To explore a different pipeline, the dataset features were also extracted using the TF-IDF , which is used to downweight frequently occurring words in a dataset. The entire code from splitting to testing was replicated to avoid having to re-run each step in the notebook.

In [None]:
from sklearn.model_selection import train_test_split
from sklearn.feature_extraction.text import TfidfVectorizer
from sklearn.naive_bayes import MultinomialNB
from sklearn.linear_model import LogisticRegression
from sklearn.metrics import f1_score, accuracy_score, precision_score, recall_score

# Splitting data
x_train, x_test, y_train, y_test = train_test_split(x, y, test_size = 0.3, random_state = 16, stratify=y)

# Vectorization
tfidf_vec = TfidfVectorizer(ngram_range = (1,1))

x_train = tfidf_vec.fit_transform(x_train)
x_test = tfidf_vec.transform(x_test)

# Training
nb = MultinomialNB()
nb.fit(x_train, y_train)

prediction_nb = nb.predict(x_test)

logreg = LogisticRegression()
logreg.fit(x_train, y_train)

# Testing

prediction_logreg = logreg.predict(x_test)

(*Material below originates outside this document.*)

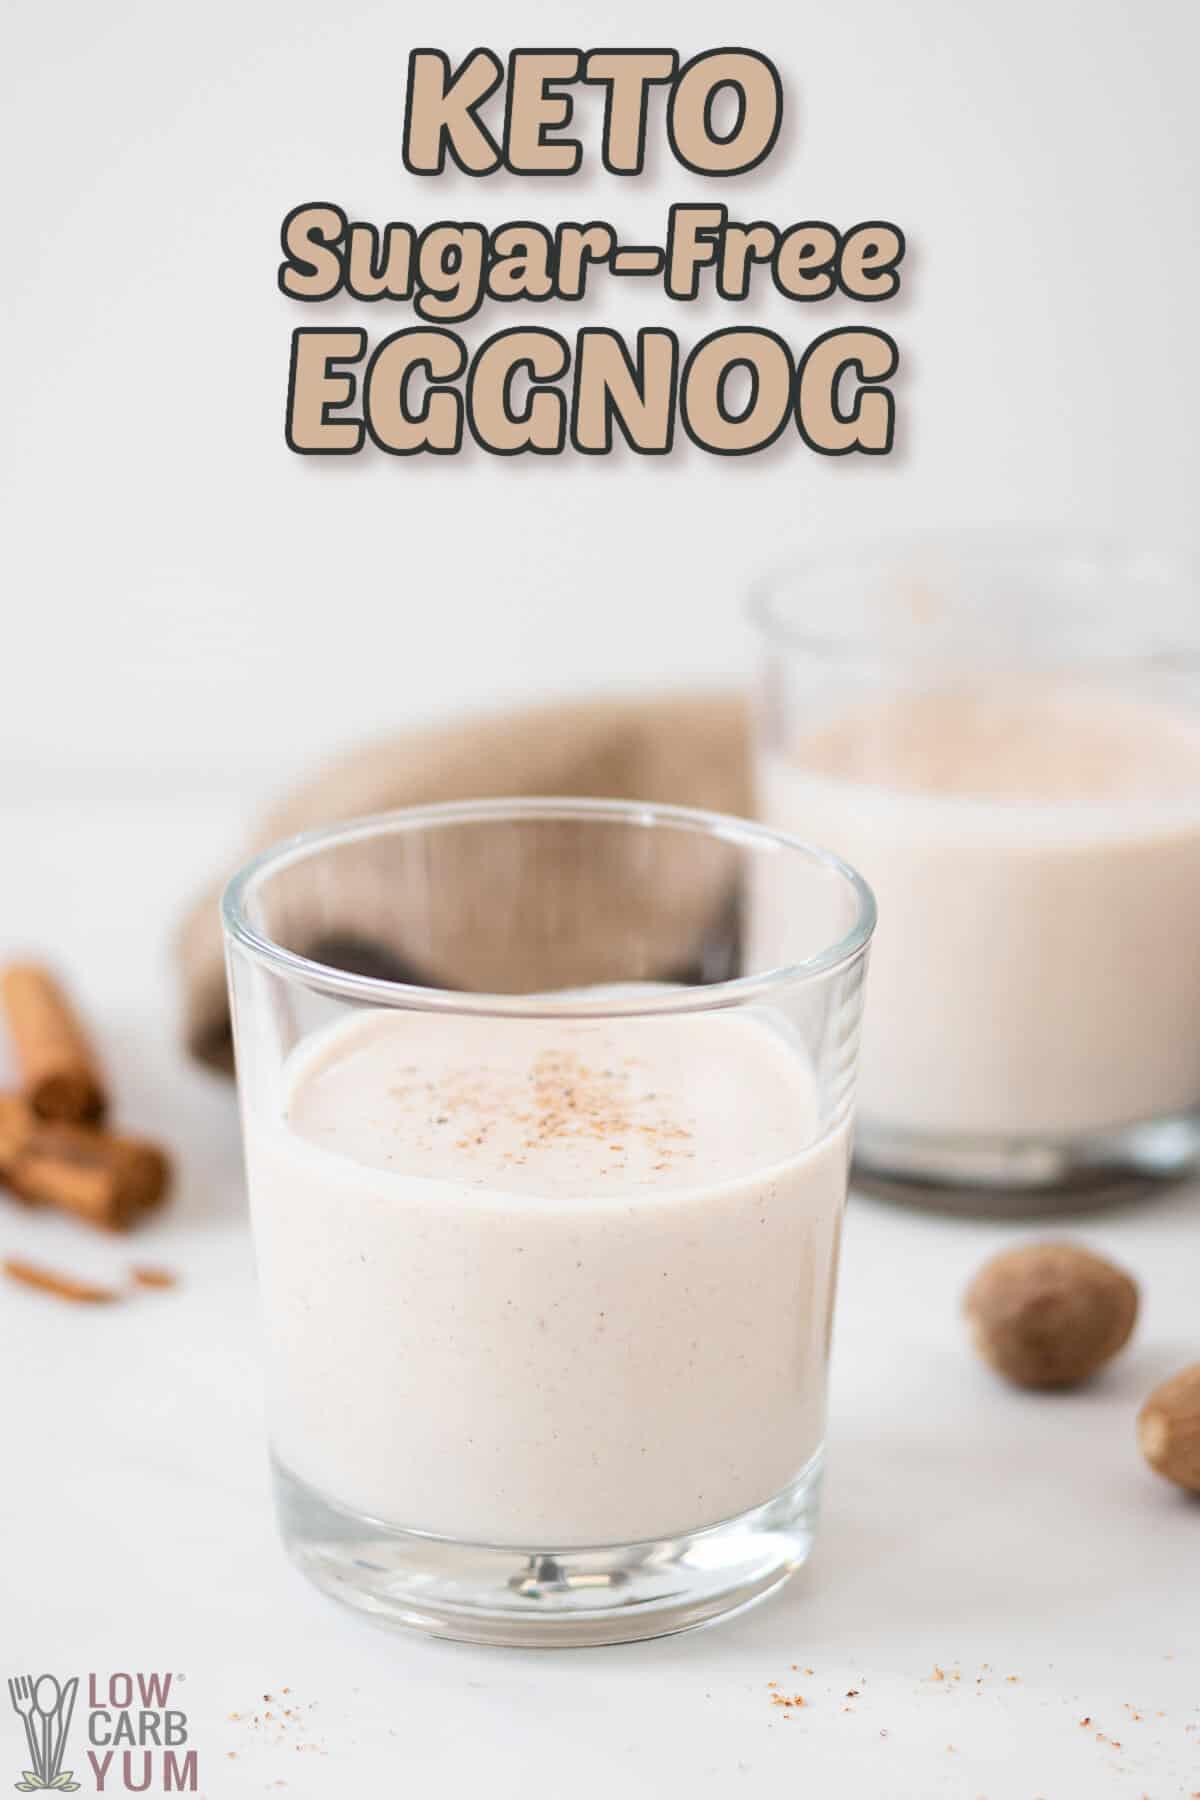 keto sugar free eggnog cover image

print("Naïve Bayes: %f" % f1_score(y_test, prediction_nb, average='macro'))
print("Logistic Regression: %f" % f1_score(y_test, prediction_logreg, average='macro'))
print("--------------------------------")

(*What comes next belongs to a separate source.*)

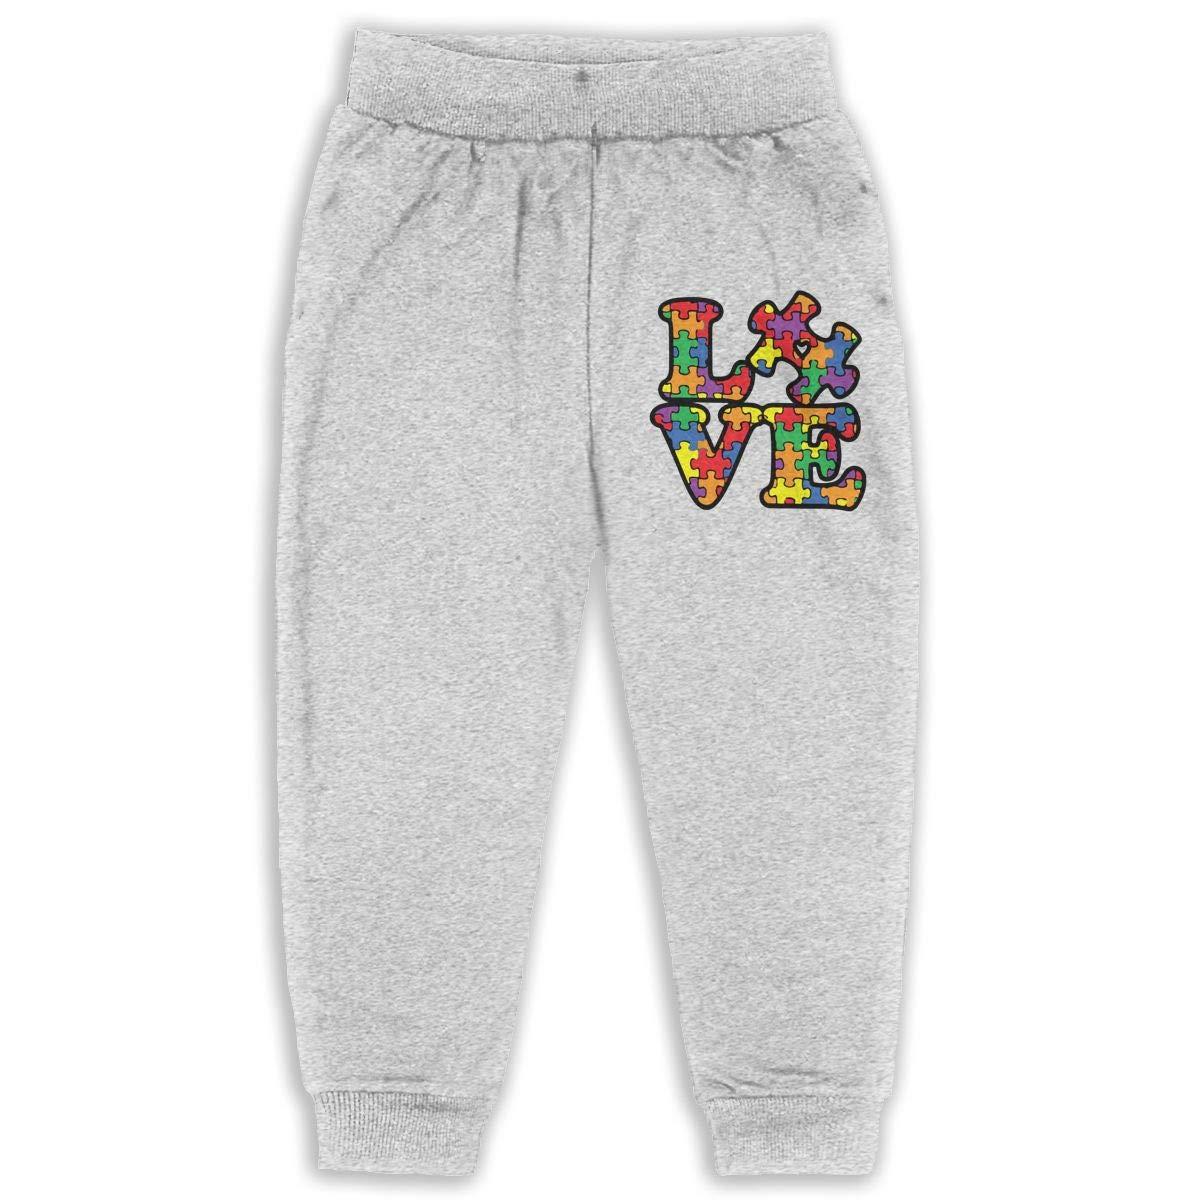 Classic Baby Boy Elastic Trousers Autism Awareness Unisex Baby Pants

print("Naive Bayes (accuracy): %f" % accuracy_score(y_test, prediction_nb))
print("Logistic Regression (accuracy): %f" % accuracy_score(y_test, prediction_logreg))
print("--------------------------------")

print("Naive Bayes (precision): %f" % precision_score(y_test, prediction_nb, average = 'macro'))
print("Logistic Regression (precision): %f" % precision_score(y_test, prediction_logreg, average = 'macro'))
print("--------------------------------")

print("Naive Bayes (recall): %f" % recall_score(y_test, prediction_nb, average = 'macro'))
print("Logistic Regression (recall): %f" % recall_score(y_test, prediction_logreg, average = 'macro'))



Naïve Bayes: 0.886842
Logistic Regression: 0.907536
--------------------------------
Naive Bayes (accuracy): 0.955144
Logistic Regression (accuracy): 0.962321
--------------------------------
Naive Bayes (precision): 0.975378
Logistic Regression (precision): 0.979153
--------------------------------
Naive Bayes (recall): 0.832589
Logistic Regression (recall): 0.859375


Based on all the evaluation metrics, TF-IDF performs much worse for both models. The reason for why TF-IDF has worse results than BoW is expounded more in the paper.